◆ **Requirement**: Set down each line of the data below exactly as it stands, dropping the pictures.

◆ **Dataset section**:
■ ■ ■ ■

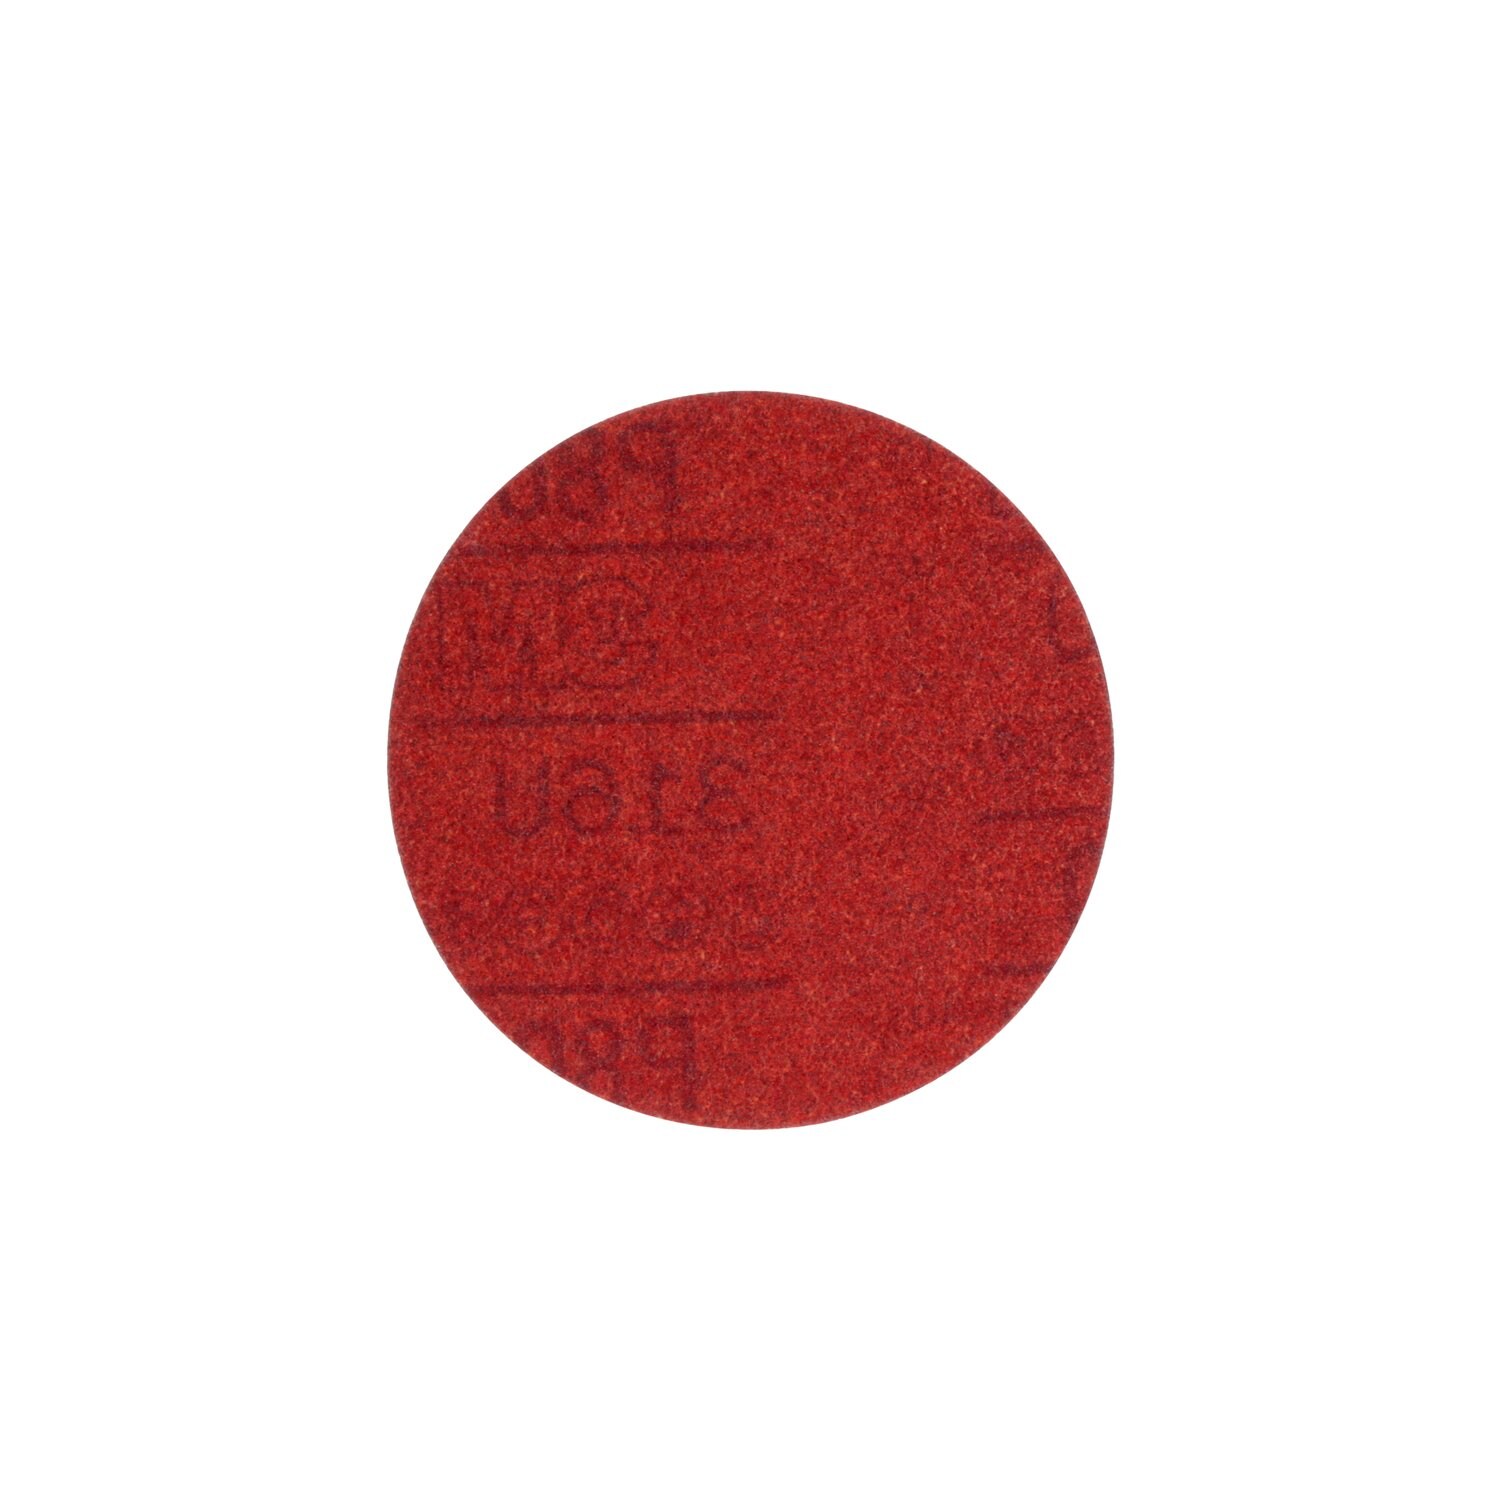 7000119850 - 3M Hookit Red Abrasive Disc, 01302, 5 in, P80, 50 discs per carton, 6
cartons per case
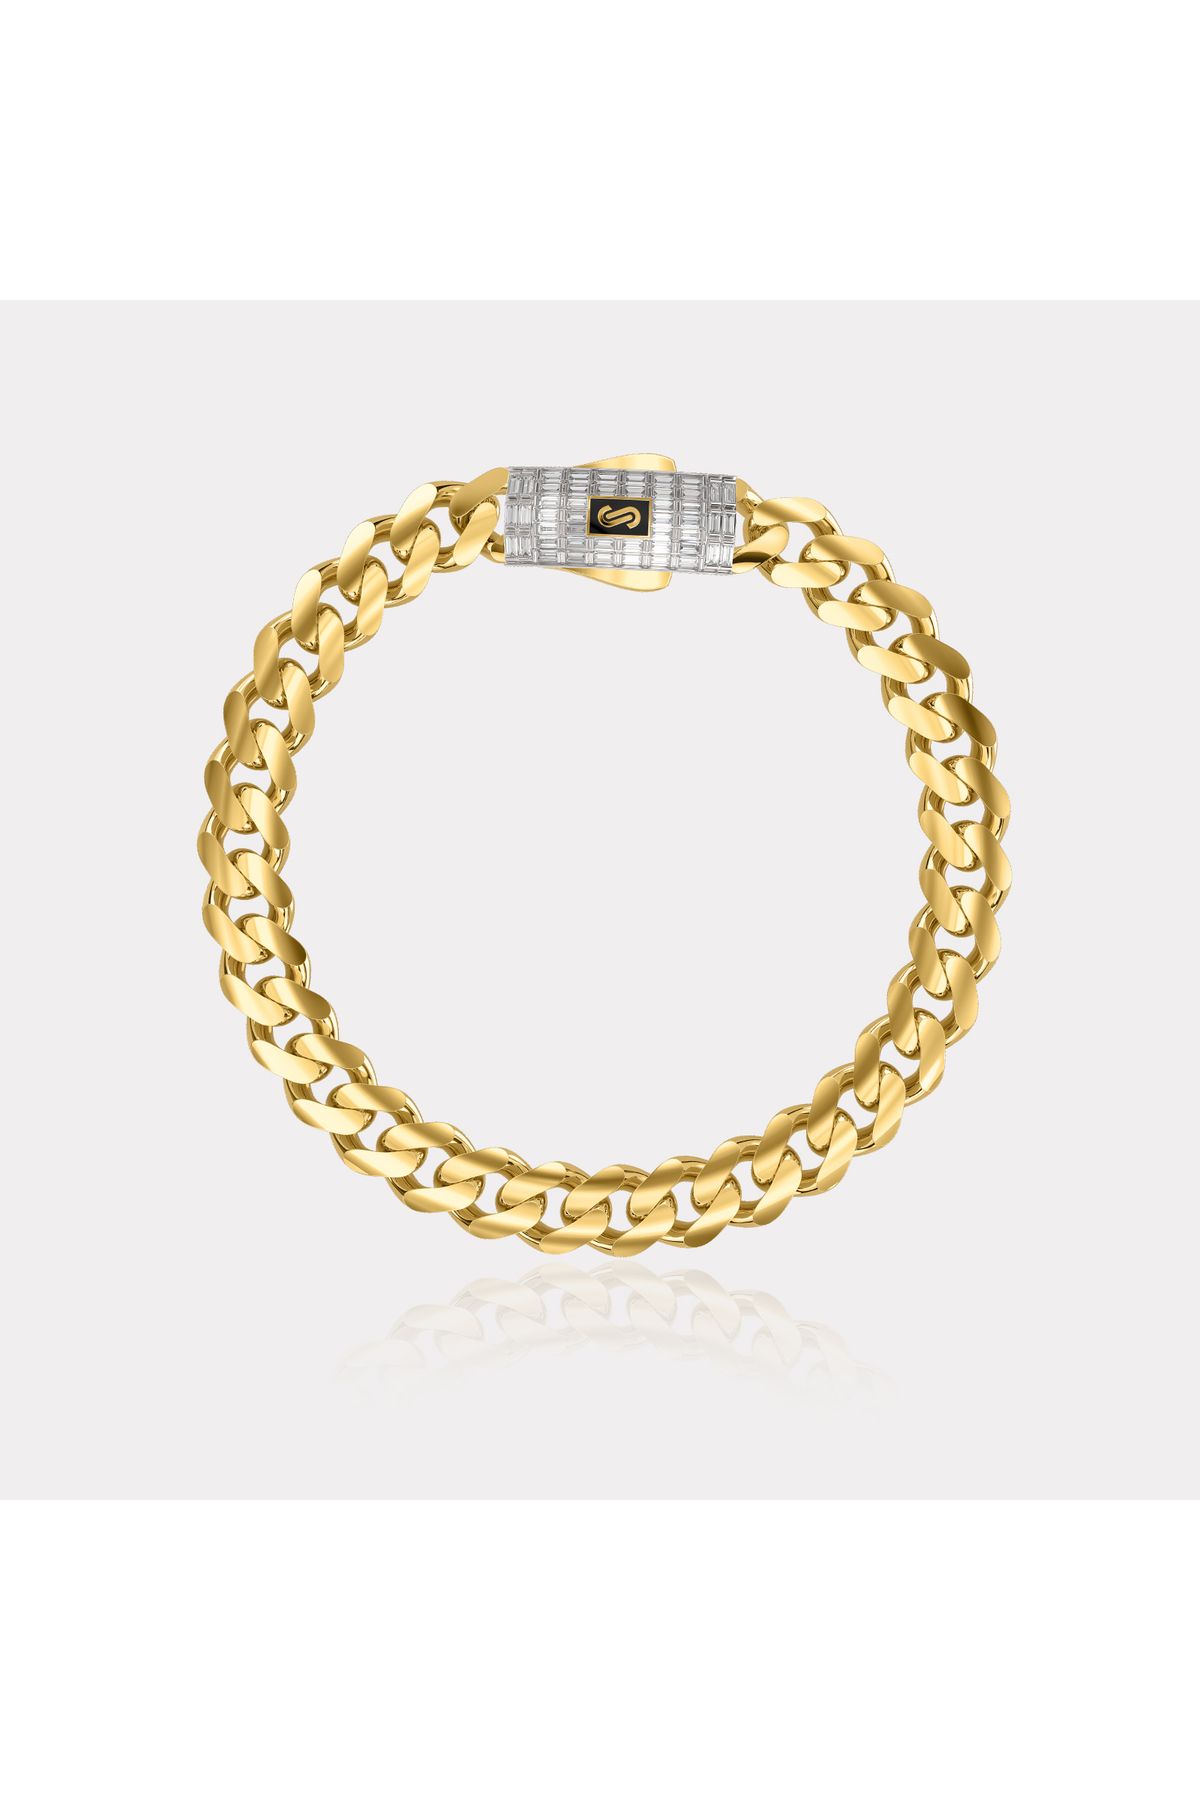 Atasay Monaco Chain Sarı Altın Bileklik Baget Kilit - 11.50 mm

■ ■ ■ ■

◆ **Reply**:
 7000119850 - 3M Hookit Red Abrasive Disc, 01302, 5 in, P80, 50 discs per carton, 6
cartons per case
 Atasay Monaco Chain Sarı Altın Bileklik Baget Kilit - 11.50 mm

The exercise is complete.